Emergency volunteers come from every corner of the province and from all walks of life. Public safety lifeline volunteers respond to an average of 6,000 incidents a year, in all kinds of weather, any place, any time.

===Emergency Support Services===

Emergency Support Services (previously known as Emergency Social Services) provides short-term assistance to British Columbians who are forced to leave their homes because of fire, floods, earthquakes or other emergencies. This assistance includes food, lodging, clothing, emotional support and family reunification

=== Ground Search and Rescue===
Annually, Search and Rescue (SAR) volunteers in BC respond to over 1000 searches province-wide. Volunteer responders donate over 120,000 hours of their time on callouts and recent statistics show an astounding 95% of the subjects were found

Search and rescue is further broken down into individual teams what operate in an area of the province where they are responsible for familiarity and access (e.g., North Shore Rescue). They may be tasked from a variety of agencies such as the Royal Canadian Mounted Police, local police force, BC Ambulance, or the Coroner's service, and can be called to assist the Coast Guard, Department of National Defence, and Parks Canada. A number of search and rescue teams in BC are also trained and equipped for using the Helicopter Flight Rescue System to aid in rescuing people from dangerous or remote terrain.

In 2005 there were 93 individual SAR teams in the province, comprising approximately 4700 volunteers, and conducting an average of 900 operations per year, locating an average of 1200 people per year.

EMBC-affiliated ground SAR teams in BC are represented by the British Columbia Search and Rescue Association, as well as by their individual teams.

===Royal Canadian Marine Search and Rescue===

In 2017, EMBC signed a memorandum of understanding with the Royal Canadian Marine Search and Rescue (RCMSAR), which allows for provincial and local response agencies to access humanitarian assistance from RCMSAR in coastal and inland waterways.
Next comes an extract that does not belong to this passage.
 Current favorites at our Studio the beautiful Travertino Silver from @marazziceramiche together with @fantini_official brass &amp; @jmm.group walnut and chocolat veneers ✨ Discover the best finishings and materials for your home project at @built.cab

As a core function, RCMSAR responds to over 800 SAR missions annually from its 33 volunteer lifeboat stations. RCMSAR comprises over 1,100 volunteers and a small cadre of paid staff.
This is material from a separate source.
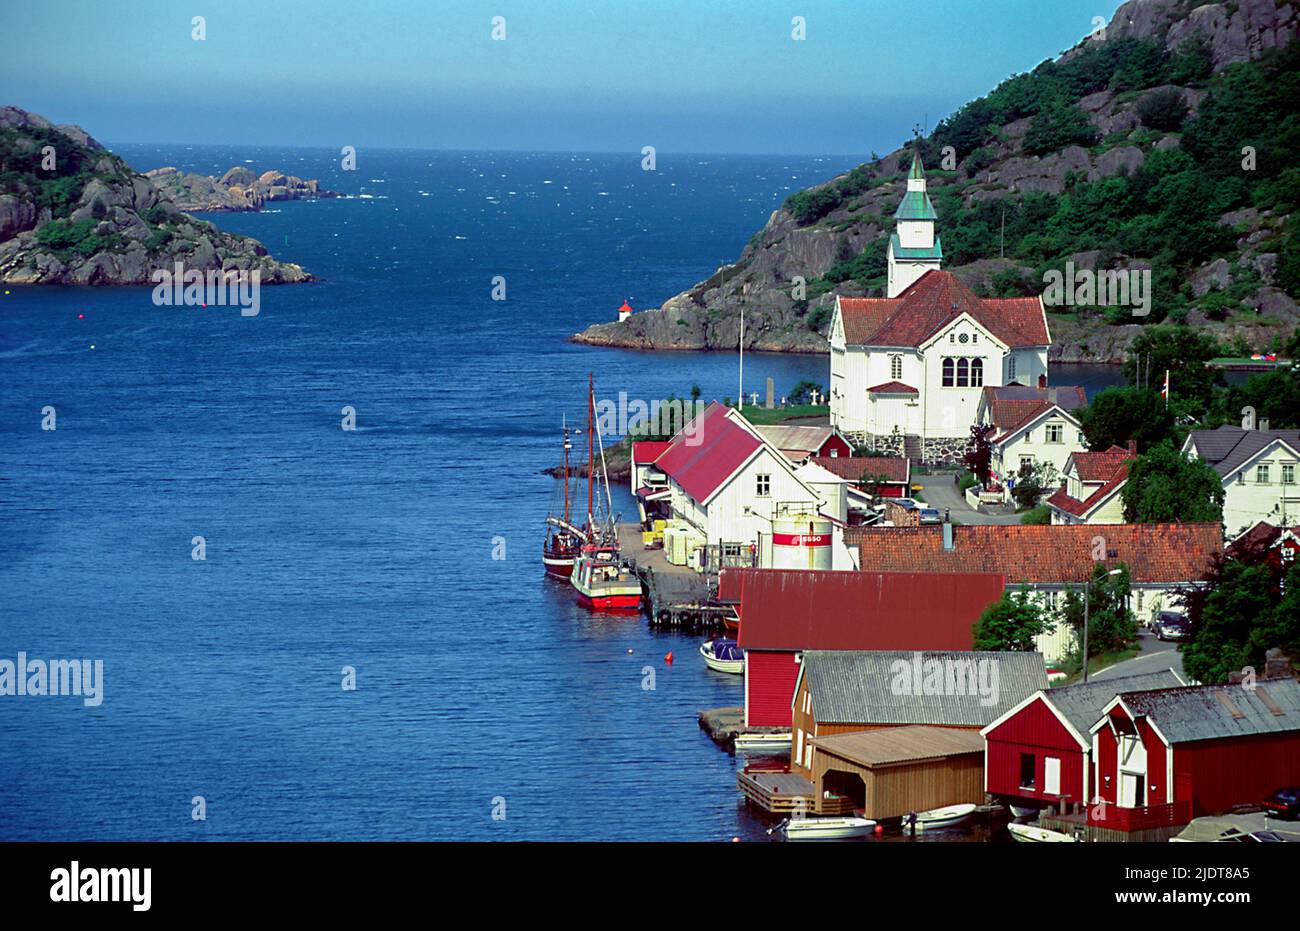 The village of Kirkehamn (Church Harbor) on the island of Hidra in south-western Norway.  The church has named the village and dates back to 1854 alth Stock Photo

===Provincial Emergency Program Air Search & Rescue===
PEP Air's primary function is to assist Canadian Forces during search and rescue missions when additional resources are required. Currently, the organization includes over 100 aircraft crewed by more than 700 pilots, spotters and navigators.p

===BC Road Rescue Service===
BC Road Rescue is an organized service with members who may be requested to provide support to people involved in out-of-jurisdiction motor vehicle accidents where specialized skills and equipment are required.

===Emergency radio communications===
During disasters and other serious emergency situations, when many other systems fail, a proven reliable means of communication has been emergency radio communications, notably Amateur Radio or "ham" radio. Emergency radio is a public safety lifeline that assists within the community and links the community in crisis to where relief and support can be coordinated.

===Volunteers' powers, privileges and recognition===

- Volunteers are allowed to use the Disaster Response Route when on duty.
- Provision has been made within the B.C. Emergency and Disaster Management Act (Bill 31) to ensure the compliance by all those given orders and directions arising from use of this act. The EDMA received Royal Assent on November 8, 2023.
- Civil liability exemption under the B.C. Emergency and Disaster Management Act (Bill 31) and WorkSafeBC coverage are both provided for any Public Safety Lifeline Volunteers. Section 30 of Bill 31 provides more detail.
- B.C.’s Good Samaritan Act applies to all volunteers (unless grossly negligent).
- Training from the provincial, regional and municipal governments.
- Special annual awards night.
- SAR training program administration and coordination through a grant of $250K to the Justice Institute of BC.